# Help with Camtasia Studio



## Stiffy (Dec 4, 2004)

Sorry if this is the wrong forum I couldnt decide which one to put it in because there isn't exactly a software help forum. :4-dontkno 

Alright I have had the same problem with Windows movie maker but I figure if I fix this it will probably fix WMM also. Alright, Well I'm trying to import a MPEG file to camtasia to edit it and this message pops up:










I CAN play this video in Windows media player, so I have the codec. I don't have a clue what is going on. 

I have all the latest windows updates and everything. 

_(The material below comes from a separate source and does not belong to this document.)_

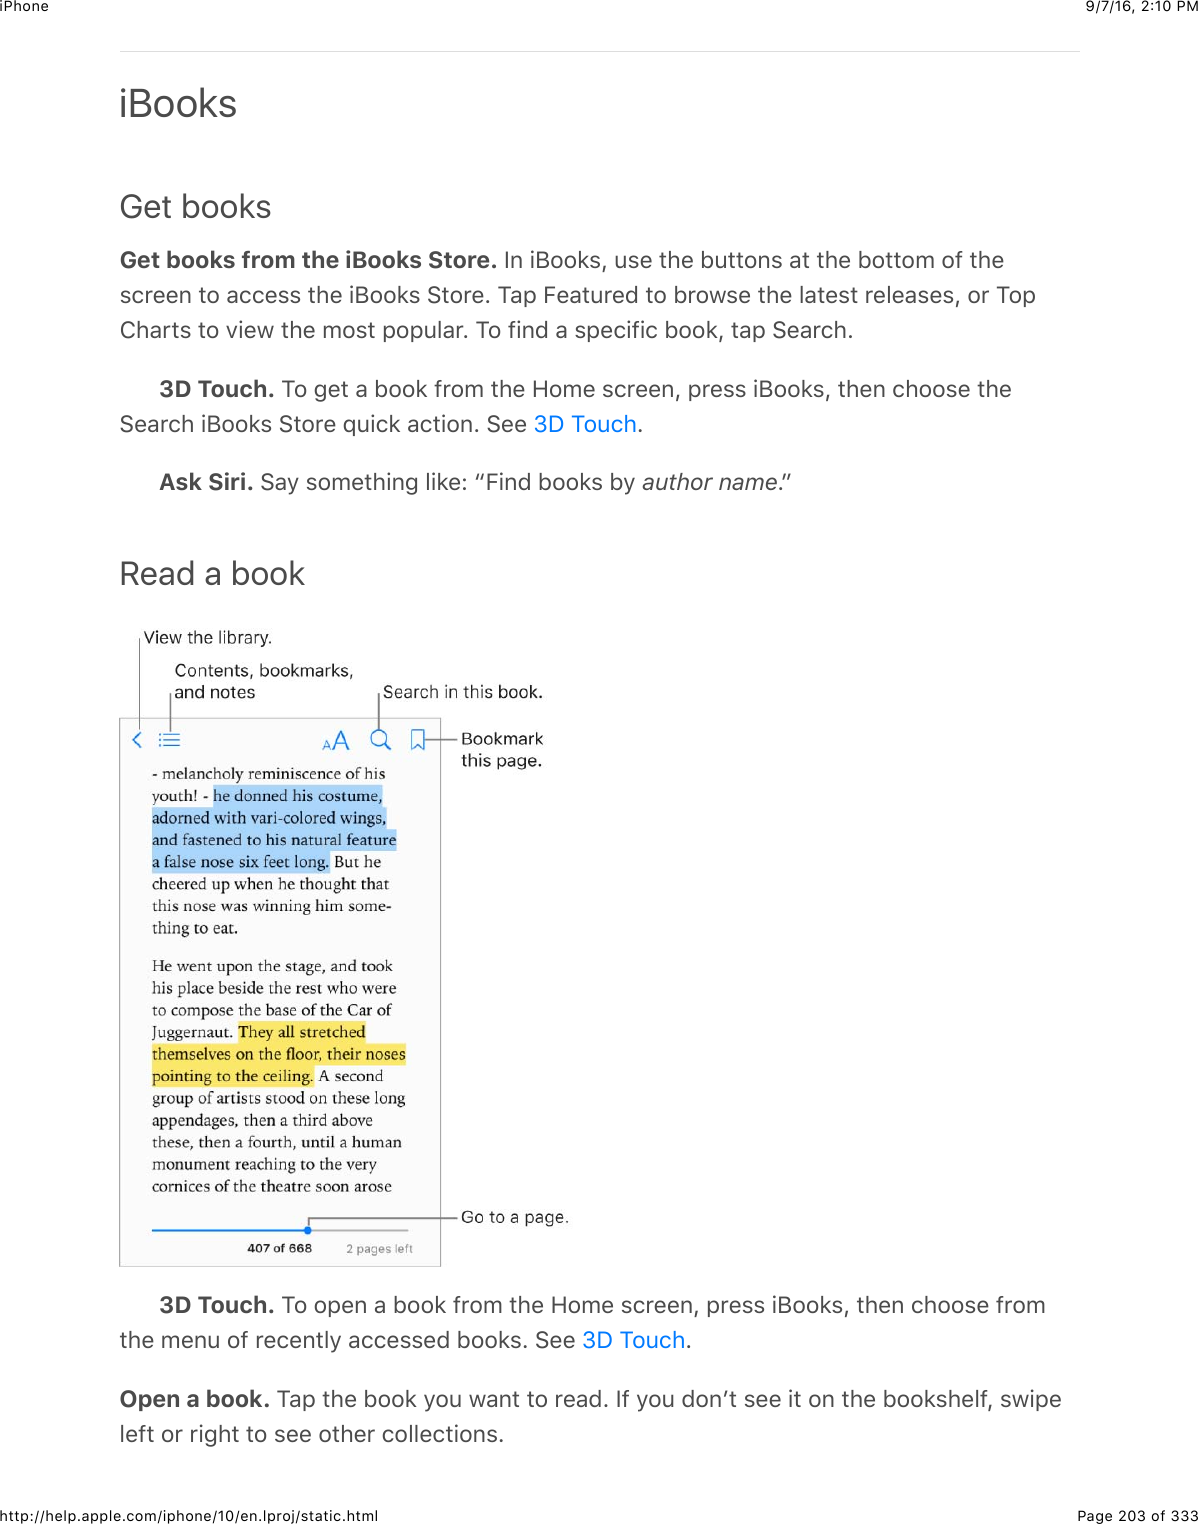 9/7/16, 2)10 PMiPhonePage 203 of 333http://help.apple.com/iphone/10/en.lproj/static.htmliBooksGet booksGet books from the iBooks Store. P6$+F22*%J$:%&quot;$#4&quot;$1:##26%$&amp;#$#4&quot;$12##20$2-$#4&quot;%.&apos;&quot;&quot;6$#2$&amp;..&quot;%%$#4&quot;$+F22*%$&gt;#2&apos;&quot;=$K&amp;,$O&quot;&amp;#:&apos;&quot;($#2$1&apos;2@%&quot;$#4&quot;$5&amp;#&quot;%#$&apos;&quot;5&quot;&amp;%&quot;%J$2&apos;$K2,84&amp;&apos;#%$#2$7+&quot;@$#4&quot;$02%#$,2,:5&amp;&apos;=$K2$-+6($&amp;$%,&quot;.+-+.$122*J$#&amp;,$&gt;&quot;&amp;&apos;.4=3D Touch. K2$3&quot;#$&amp;$122*$-&apos;20$#4&quot;$R20&quot;$%.&apos;&quot;&quot;6J$,&apos;&quot;%%$+F22*%J$#4&quot;6$.422%&quot;$#4&quot;&gt;&quot;&amp;&apos;.4$+F22*%$&gt;#2&apos;&quot;$_:+.*$&amp;.#+26=$&gt;&quot;&quot;$ =Ask Siri. &gt;&amp;9$%20&quot;#4+63$5+*&quot;L$cO+6($122*%$19$author name=dRead a book3D Touch. K2$2,&quot;6$&amp;$122*$-&apos;20$#4&quot;$R20&quot;$%.&apos;&quot;&quot;6J$,&apos;&quot;%%$+F22*%J$#4&quot;6$.422%&quot;$-&apos;20#4&quot;$0&quot;6:$2-$&apos;&quot;.&quot;6#59$&amp;..&quot;%%&quot;($122*%=$&gt;&quot;&quot;$ =Open a book. K&amp;,$#4&quot;$122*$92:$@&amp;6#$#2$&apos;&quot;&amp;(=$P-$92:$(26B#$%&quot;&quot;$+#$26$#4&quot;$122*%4&quot;5-J$%@+,&quot;5&quot;-#$2&apos;$&apos;+34#$#2$%&quot;&quot;$2#4&quot;&apos;$.255&quot;.#+26%=eS$K2:.4eS$K2:.4

Thanks for the help in advance. :grin:


----------



## 40sondacurb (Jan 14, 2005)

I'm going to move this to creative arts and media, hope you can find what your looking for.


----------



## Stiffy (Dec 4, 2004)

40sondacurb said:


> I'm going to move this to creative arts and media, hope you can find what your looking for.


Thanks! :grin:


----------



## 40sondacurb (Jan 14, 2005)

If you don't get an answer for like a week or so (god forbid) then post it back in the offline section.


----------



## v-six (Sep 12, 2004)

Well, I don't have an answer for you, hopefully someone else has some experience with the program. Is the file a divx file? Obviously you need to find a way to utilize codecs in Camtasia, but I don't know what to tell you beyond that.


----------



## ebackhus (Apr 21, 2005)

Have you tried the file in any other players? From what it looks like, it may be because you lack the codec for the file.

And on a personal note, I found FRAPS to perform MUCH better.


----------



## Stiffy (Dec 4, 2004)

Ok, I have given up on camtasia and moved on... you could lock this if you want.


----------